High HIV incidence for Thai men who have sex with men; many acquiring HIV in their early twenties

Researchers at the AIDS Conference in Vienna report hat 6 in 100 Thai men who have sex with men acquire HIV each year.

Among young Thai men who have sex with men, 6 in 100 acquire HIV each year. With the average age at infection being 26, this explosive epidemic is affecting a far younger group of men than the gay epidemics in Western countries. These are the headline findings of the first three years of a study to monitor HIV incidence, reported by Frits van Griensven to the Eighteenth International AIDS Conference in Vienna on Tuesday.

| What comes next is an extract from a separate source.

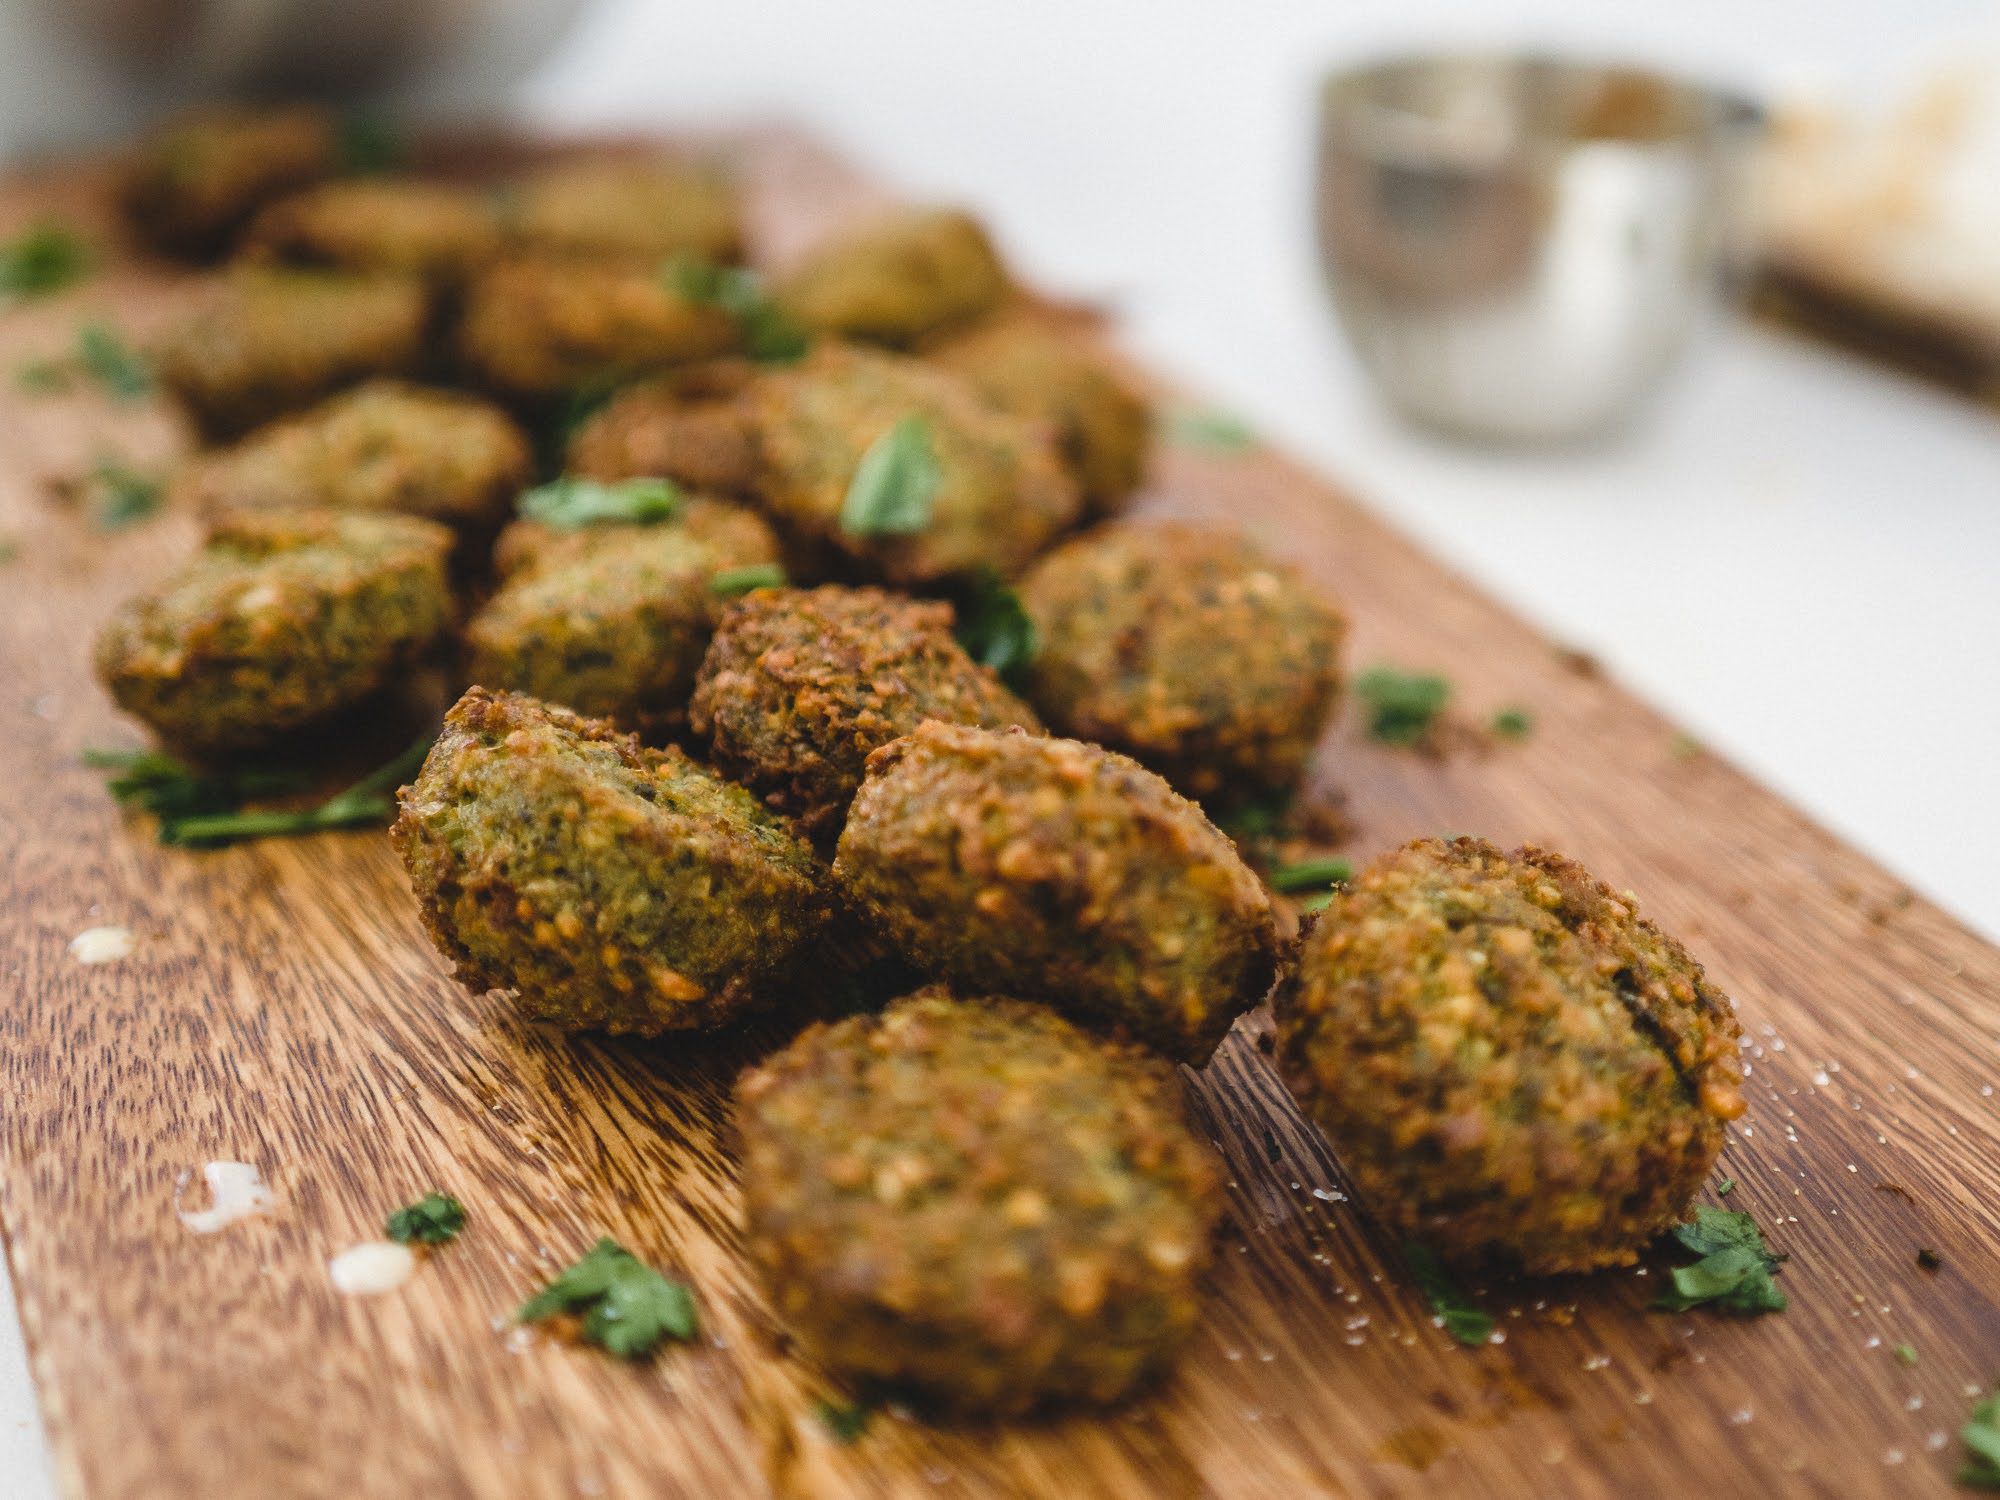 Freshly fried vegan falafel balls

More encouragingly, a second study from Thailand, reported the same day, suggested that HIV prevalence could be declining in men who have sex with men, after having peaked at about 30% in 2007.

Thailand is often seen as a lesson in early and effective HIV control. However, until recently, efforts have largely concentrated on commercial sex workers, their clients and injecting drug users. The ongoing spread of HIV among men who have sex with men (MSM) was largely ignored until a much overdue study of Bangkok MSM in 2005 found an HIV prevalence of 17%.

In the incidence study, a cohort of 1292 Bangkok MSM was recruited, which is being followed at four-monthly intervals. Recruitment began in April 2006 and was completed by January 2008. Participants are all Thai nationals, male at birth, resident in the Bangkok area, aged 18 or over, and have had anal or oral sex with a man in the six months before recruitment. Participants were recruited from the sexual health clinic where follow-up visits were conducted, through a website, from a range of bars, saunas and parks used by MSM, and through community organisations.

Men recruited were relatively young (73% aged 29 and under), and were frequently born outside of Bangkok (64%). A majority were employed, well educated and identified as homosexual or gay.

In this sample, 22% of men were HIV-positive at baseline but were generally unaware of their infection. After three years of study, another 135 men had acquired HIV. In a 12-month period, the annual rate of HIV acquisition (incidence) was 5.9 per 100 person years. This did not vary between years 1, 2 or 3 of the study.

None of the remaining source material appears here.